Gempita.co-Kejaksaan Agung (Kejagung) tak akan langsung mengeksekusi mati terdakwa kasus pemerkosaan belasan santri Herry Wirawan dalam waktu dekat.

Hal tersebut disampaikan Kapuspenkum Kejagung Ketut Sumedana merespons putusan Mahkamah Agung (MA) yang tetap menjatuhi hukuman mati terhadap Herry Wirawan.

Bacaan Lainnya
Gempita Bali Transport

Ketut mengatakan Jaksa Agung ST Burhannudin belum memiliki program untuk mengeksekusi para terpidana mati. Ia menyebut eksekusi Herry Wirawan masih belum bisa dilaksanakan dalam waktu dekat.

“Bukan artinya kita menghindari, tetapi belum ada program untuk ke sana,” kata Ketut di sela-sela Rakernas Kejagung di Hotel Sultan, Jakarta Pusat, Rabu (4/1).

Meski proses eksekusi mati belum dilakukan, ia menegaskan bukan berarti kejaksaan mengantungkan nasib para terpidana mati.

Ketut menyadari bahwa proses eksekusi mati seorang terpidana tidaklah mudah. Menurutnya, ada unsur hak asasi manusia (HAM) yang harus dipertimbangkan.

Selain itu, kejaksaan juga masih menghargai upaya hukum lain yang masih dimiliki terpidana, seperti pengajuan grasi, amnesti, dan peninjauan kembali (PK).

“Untuk melaksanakan hukuman mati itu prosesnya sangat panjang, terkait dengan (sorotan) dunia internasional, terkait dengan citra kejaksaan, dan negara,” ujarnya.

Herry Wirawan tetap divonis mati oleh Mahkamah Agung (MA) melalui putusan kasasi nomor 5642 K/PID.SUS/2022.

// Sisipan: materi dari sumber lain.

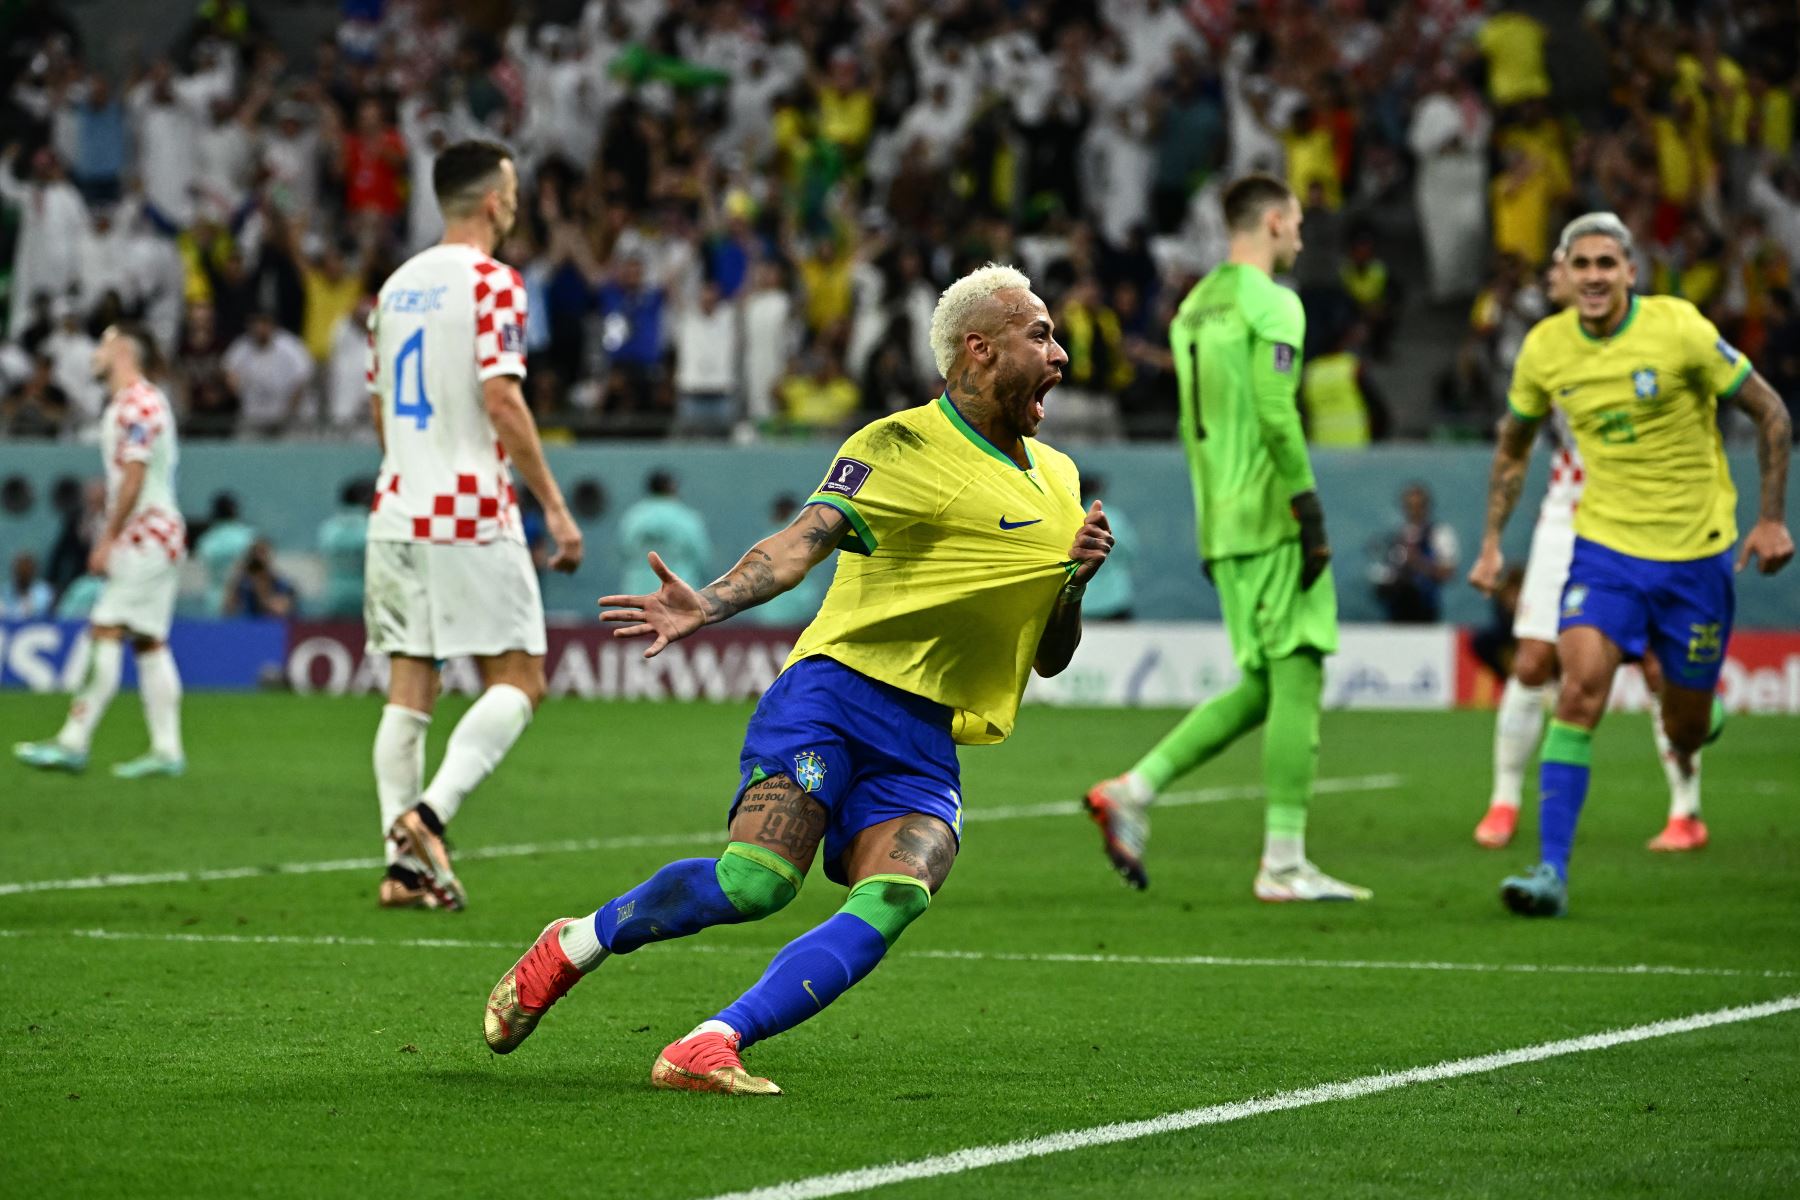 El delantero brasileño Neymar celebra marcar el primer gol de su equipo durante el partido de fútbol de cuartos de final de la Copa Mundial Qatar 2022 entre Croacia y Brasil en el Education City Stadium en Al-Rayyan, al oeste de Doha, el 9 de diciembre de 2022.
Foto: AFP

Putusan kasasi diketuk pada Kamis (8/12/2022) oleh majelis hakim yang diketuai Sri Murwahyuni dengan hakim anggota Hidayat Manao dan Prim Haryadi. Majelis hakim menolak kasasi yang diajukan Herry maupun jaksa penuntut umum.

Di pengadilan tingkat banding sebelumnya, Herry juga tetap divonis mati. Vonis tersebut mengoreksi putusan pengadilan tingkat pertama yang menghukum Herry dengan pidana penjara seumur hidup.

Majelis hakim tingkat banding juga menghukum Herry untuk membayar restitusi alias uang pengganti kerugian terhadap korban perkosaan, mengoreksi putusan pengadilan tingkat pertama yang membebankan restitusi kepada Kementerian Pemberdayaan Perempuan dan Perlindungan Anak.